Diğer taraftan evli çift Ankara 10'uncu İdare Mahkemesi'ne de 350 bin lira manevi, 1000 lira ise maddi olmak üzere 351 bin liralık tazminat davası açtı.
DİKKAT ÇEKEN KARAR
Sağlık Bakanlığı Türkiye Kamu Hastaneleri Kurumu'nun dava dosyasına beyan ettiği savunmada, hastanenin ve doğuma giren doktorun herhangi bir ihmalle kusurunun bulunmadığı vurgulanarak şu ifadeler kullanıldı:
''Erken doğum olduğu için sezaryen ameliyatla doğumun, anne için muhtemel risklerini azaltacağı yönünden aile ile konuşularak normal doğum planlanmıştı.

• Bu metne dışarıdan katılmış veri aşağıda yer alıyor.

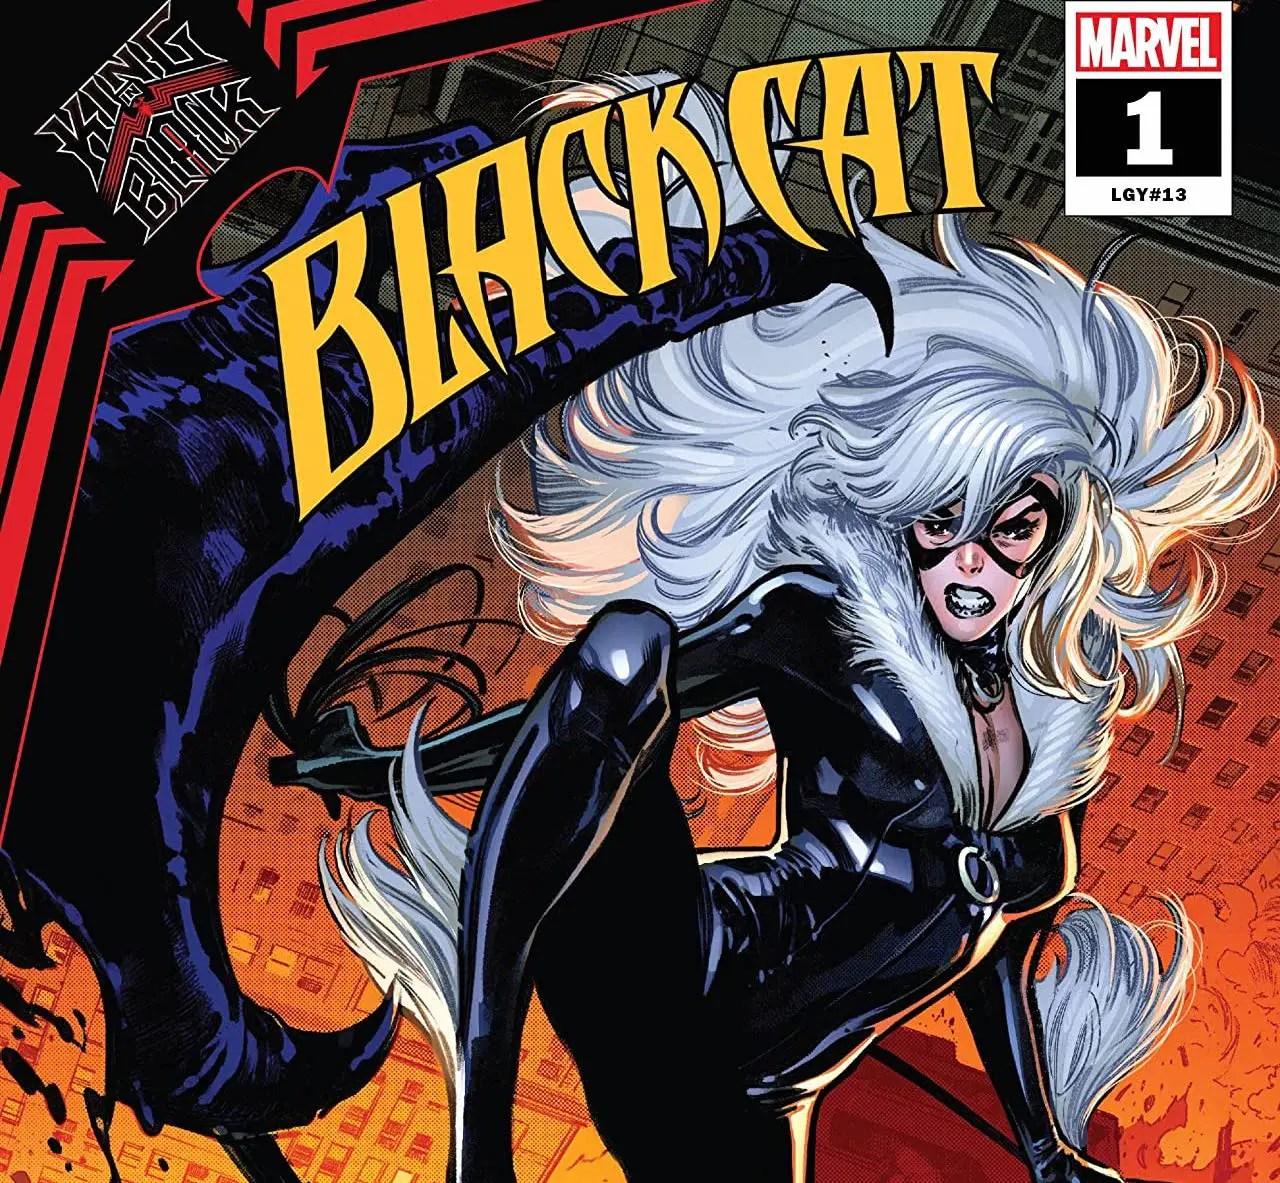 'Black Cat' #1 review

Bebek ters geldiği için başın takılma riski her zaman vardır. Bebek ölü doğduğunda takılan başın çıkarılması için yapılan manevralar ve müdahaleler tıbbi gereklilik ve ilkelere uygundur.

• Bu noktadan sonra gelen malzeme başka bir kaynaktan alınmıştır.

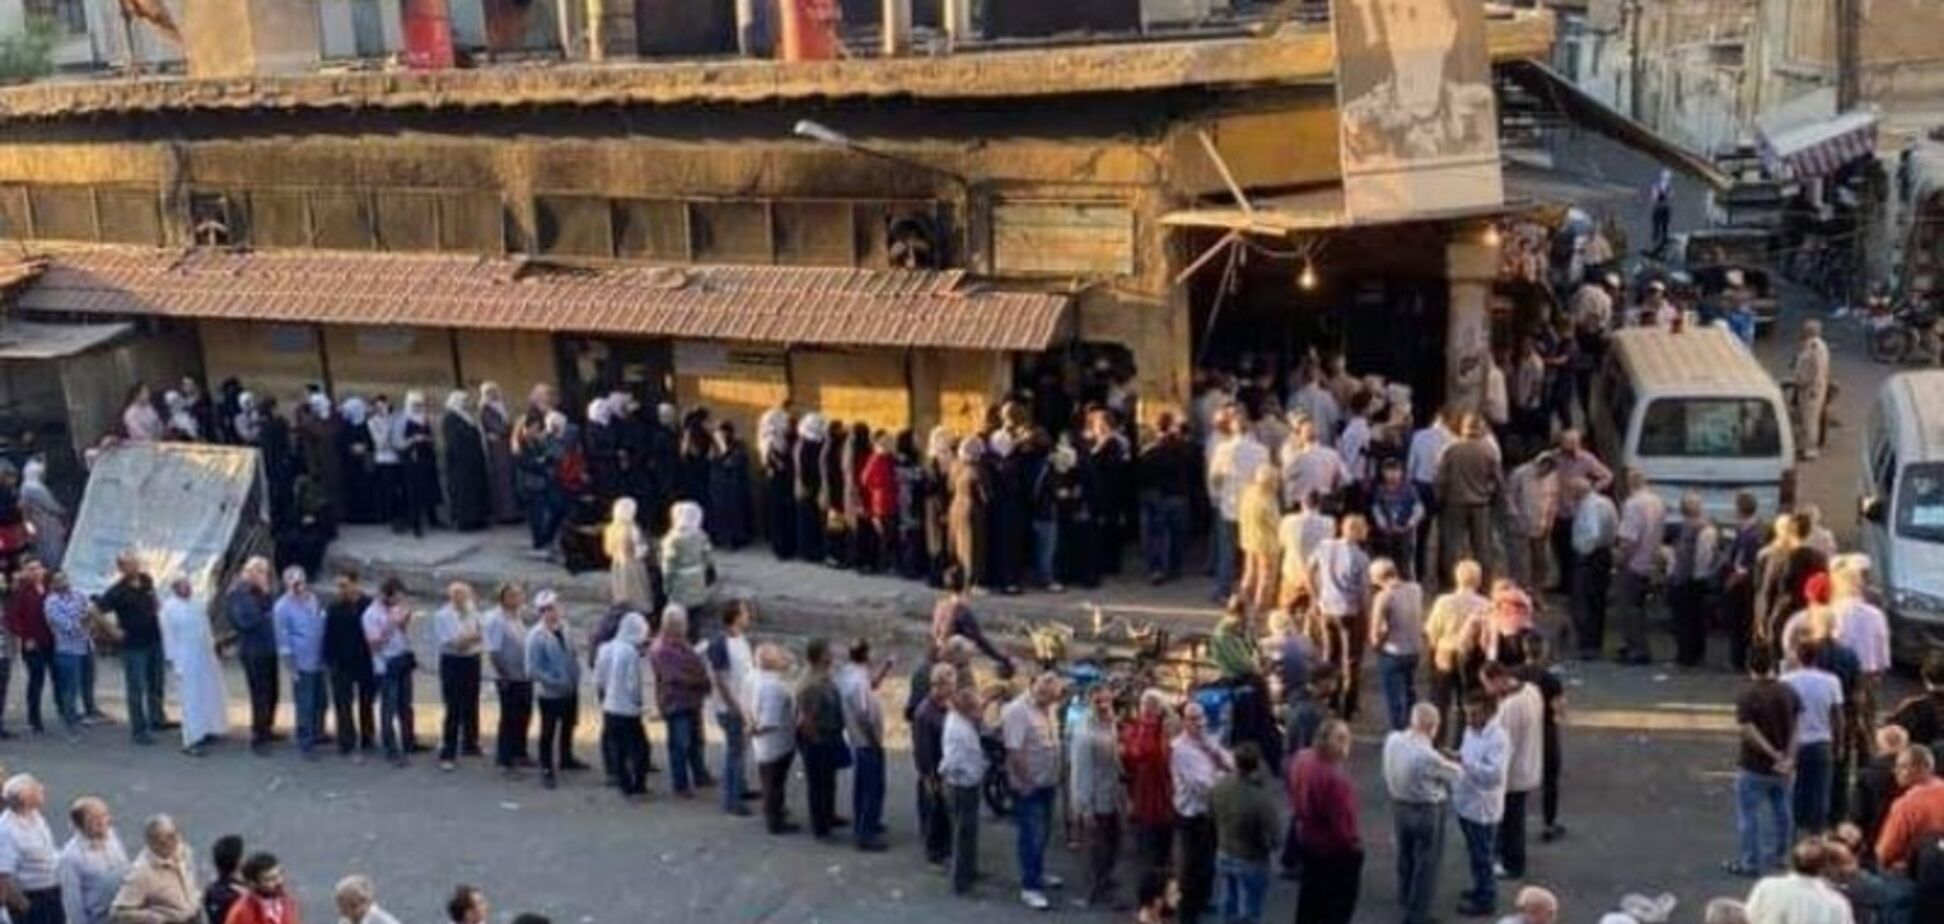 Хлебная катастрофа в Сирии: Путин виновен так же, как и диктатор Башар Асад

Tıbbi tedavi ve müdahalelerde herhangi bir ihmal, hata ve kusur görülmemiştir. Yapılanlar ilme ve fenne uygundur.
Yapılan müdahaleler hastanın tekrar gebe olmasına ve çocuk sahibi olmasına engel değildir. Erken doğumlarda bu tür durumların yaşanması sıkça karşılaşan bir durumdur.''
Ankara 10'uncu İdare Mahkemesi, hastanenin savunması ve bilirkişi raporunu baz alarak Erin çiftinin tazminat talebini reddetti. Aile, mahkemenin kararına itiraz ederek dosyayı Danıştay 15'inci Daire Başkanlığı'na taşıdı.
5 yıldır adalet savaşı verdiklerini dile getiren anne Erin, şöyle konuştu:
''Tüm deliller ortadayken mahkeme hastaneyi haklı buldu. Bebeğimin kafasının koparılmasında sanki suçlu benim. Dosyayı Danıştay'a temyize götürdük, oradan gelecek sonucu bekliyoruz.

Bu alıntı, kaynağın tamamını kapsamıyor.